━━━━━ Available data

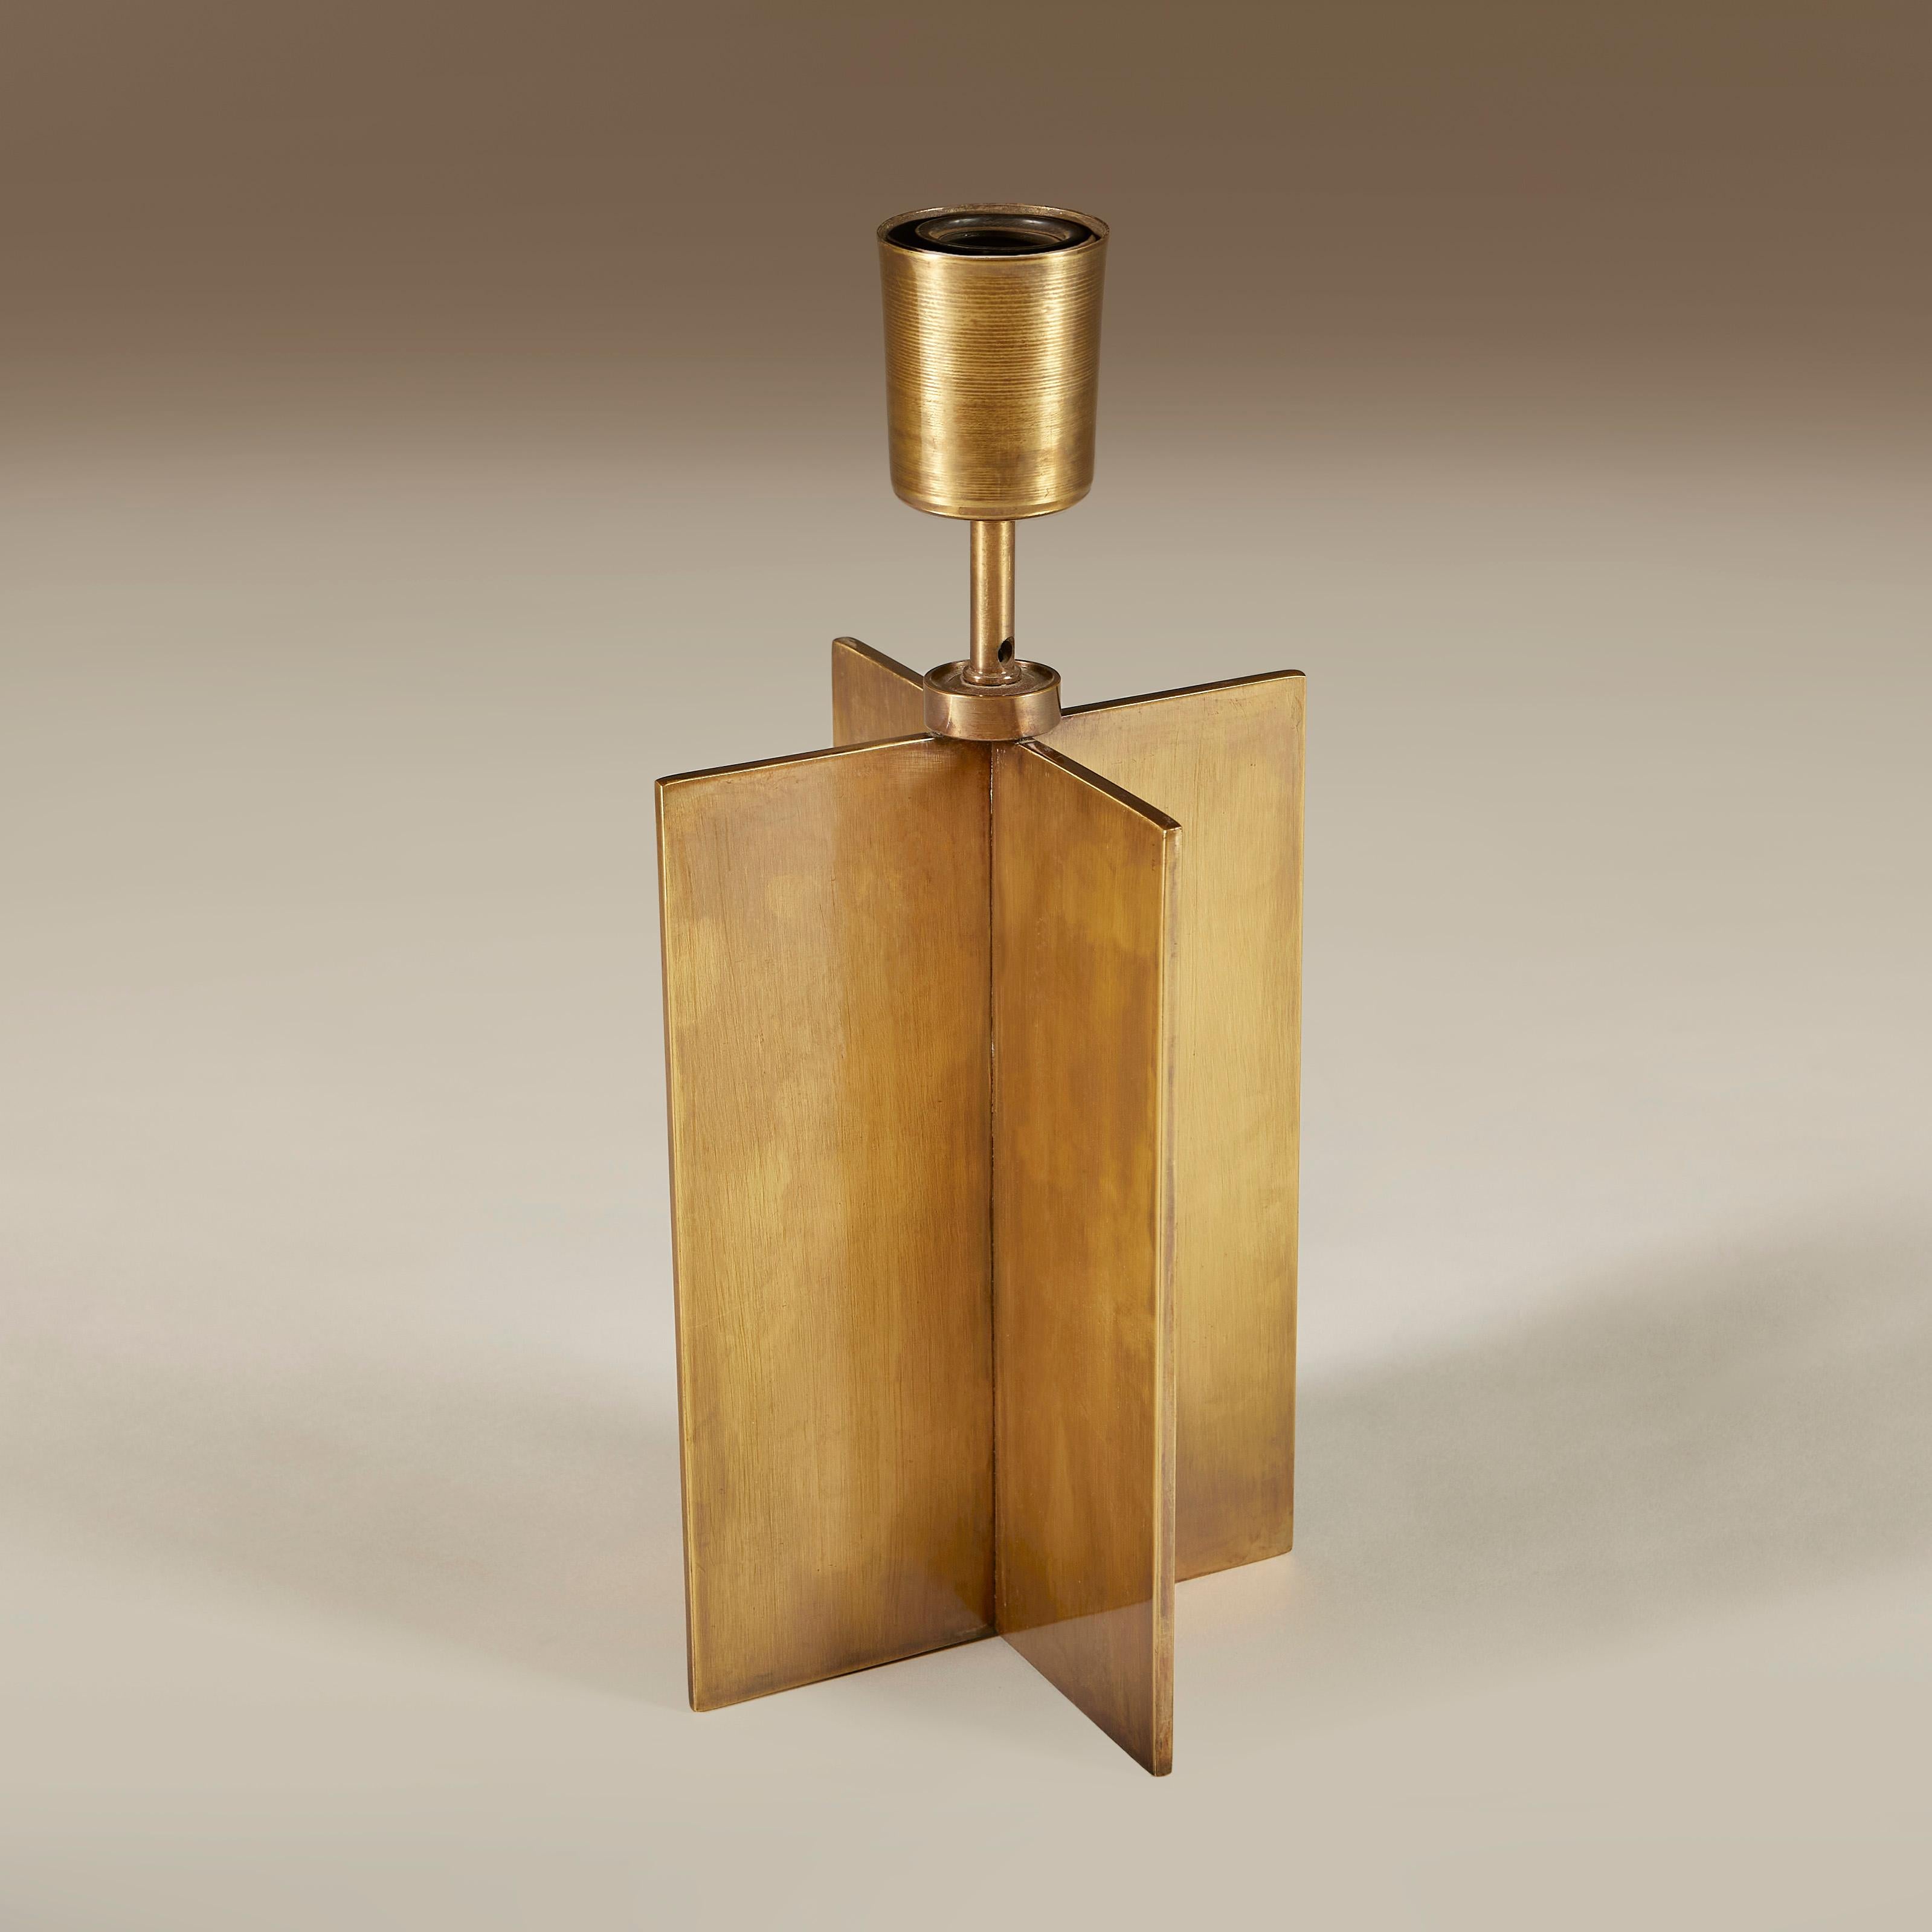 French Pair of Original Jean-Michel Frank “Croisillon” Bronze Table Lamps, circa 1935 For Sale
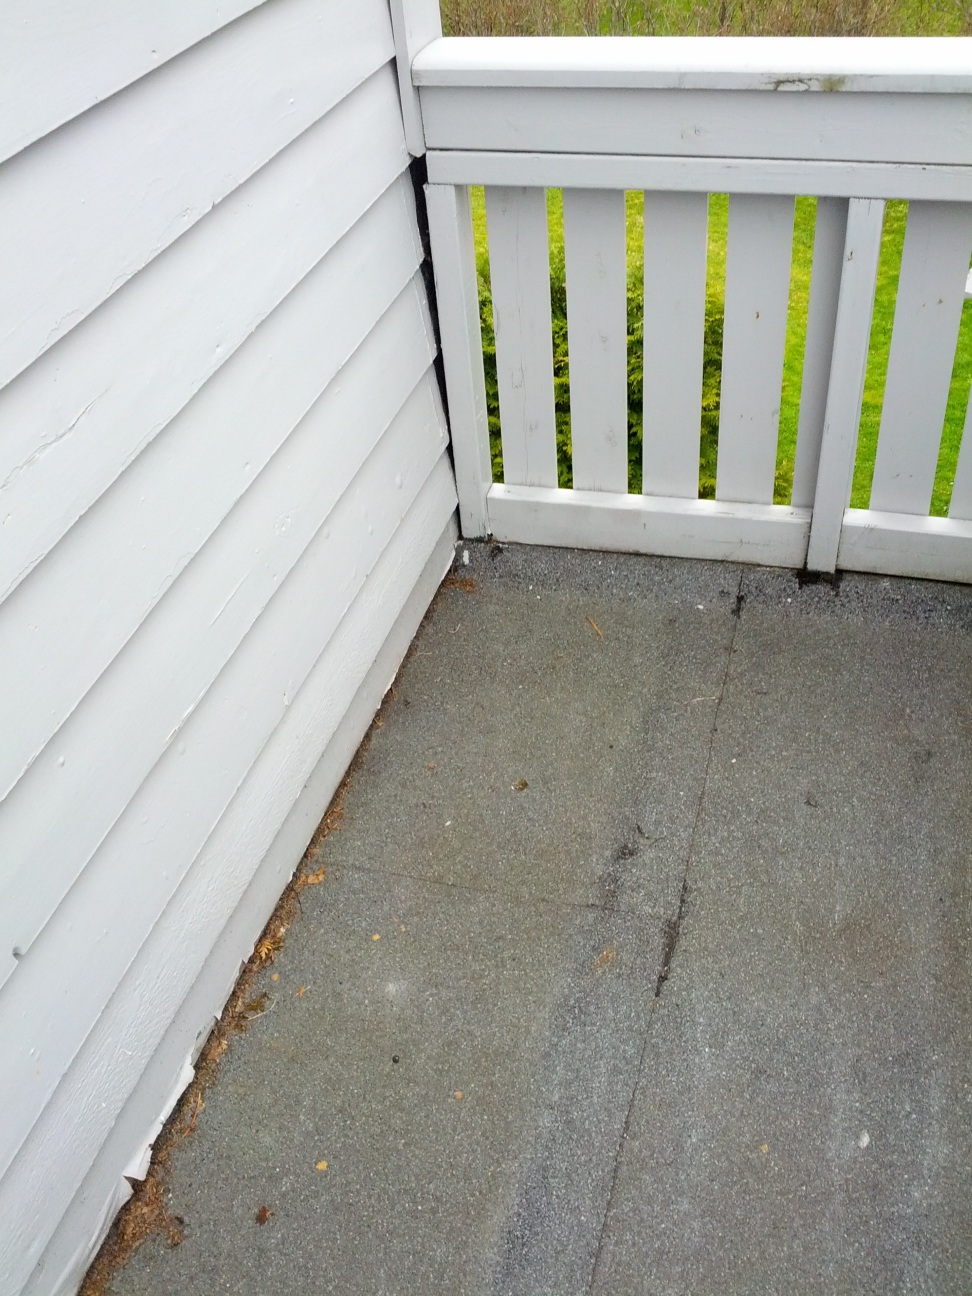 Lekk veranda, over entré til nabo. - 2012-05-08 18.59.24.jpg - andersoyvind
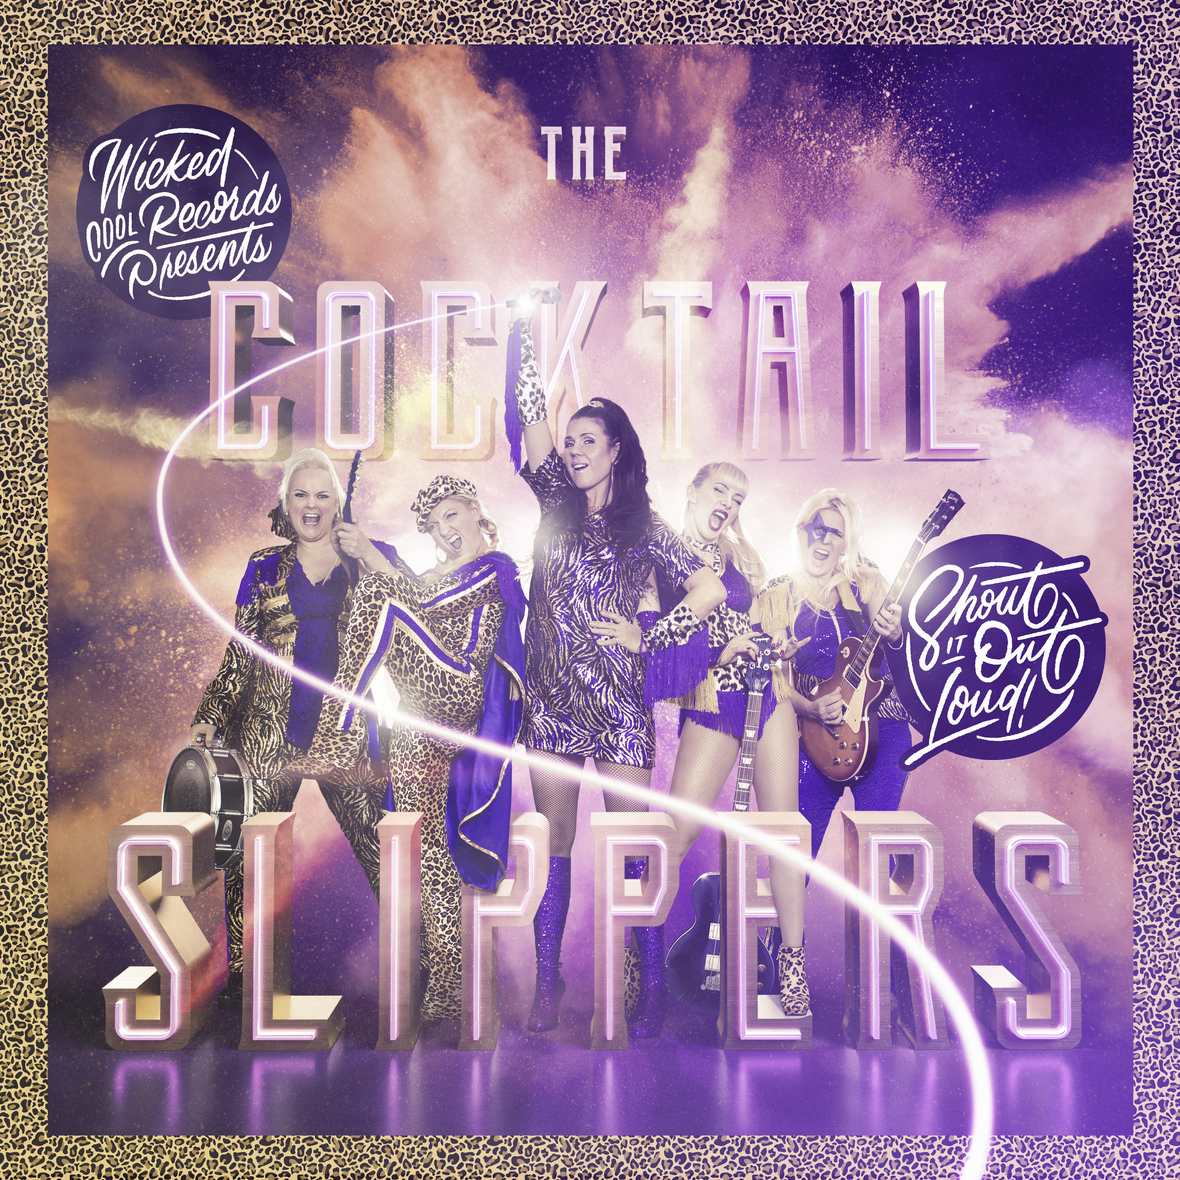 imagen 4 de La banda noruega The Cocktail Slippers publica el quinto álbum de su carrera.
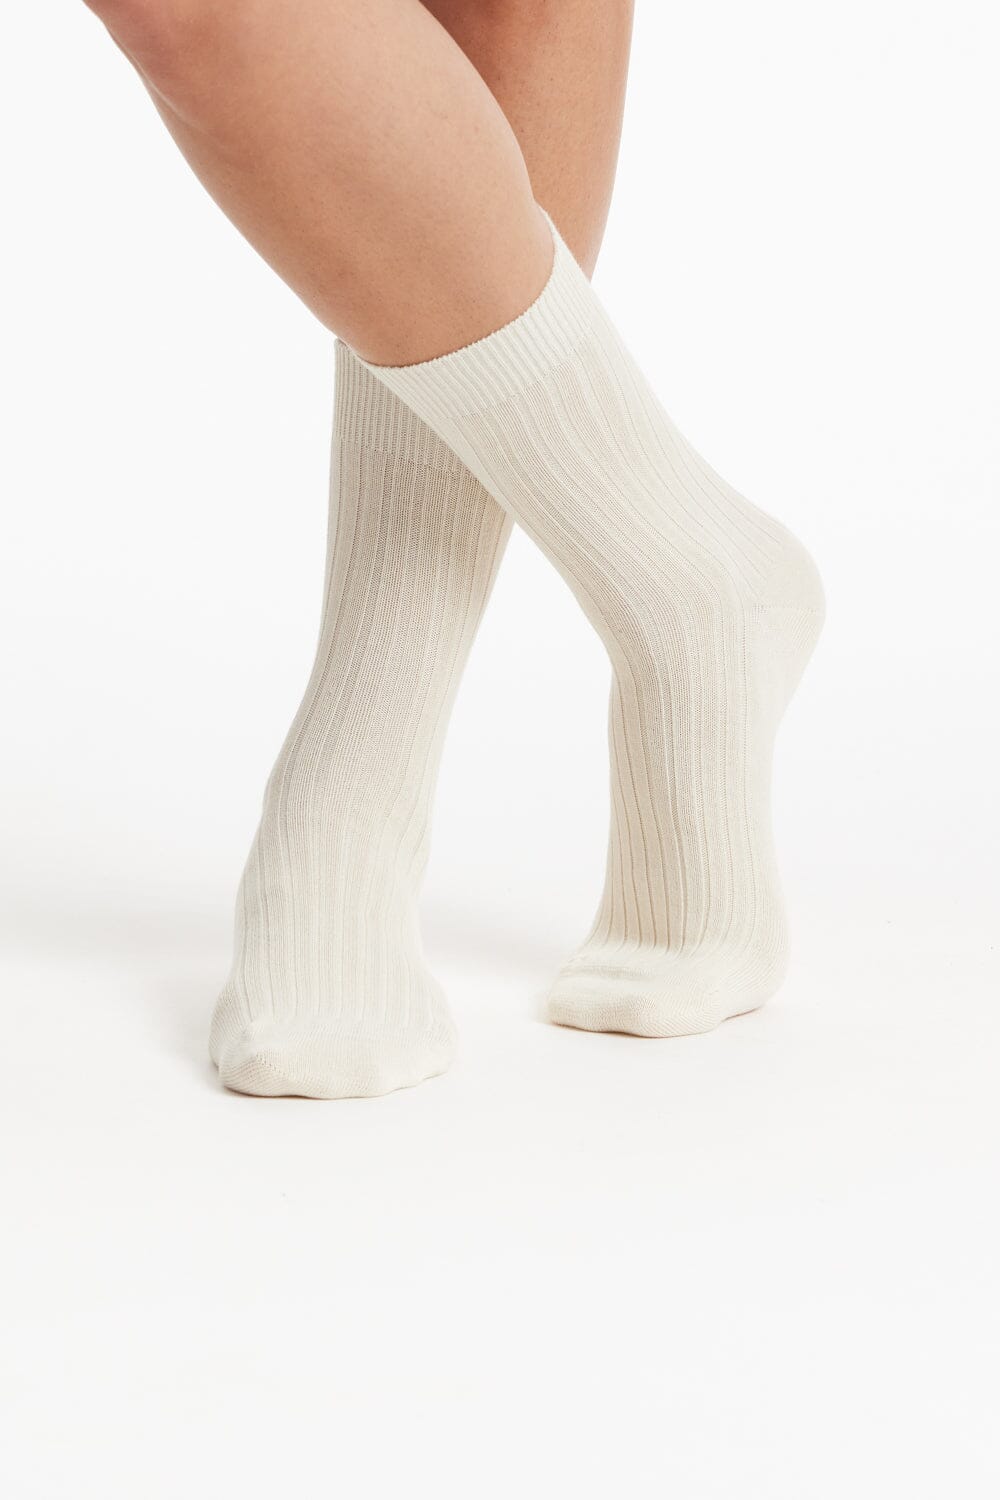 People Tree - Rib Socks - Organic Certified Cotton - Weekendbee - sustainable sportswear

━━━━━━━━━━

| What this task involves |
Give back the material word for word and drop the pictures it holds.

| Answer section |
 French Pair of Original Jean-Michel Frank “Croisillon” Bronze Table Lamps, circa 1935 For Sale
 Lekk veranda, over entré til nabo. - 2012-05-08 18.59.24.jpg - andersoyvind
 imagen 4 de La banda noruega The Cocktail Slippers publica el quinto álbum de su carrera.
 People Tree - Rib Socks - Organic Certified Cotton - Weekendbee - sustainable sportswear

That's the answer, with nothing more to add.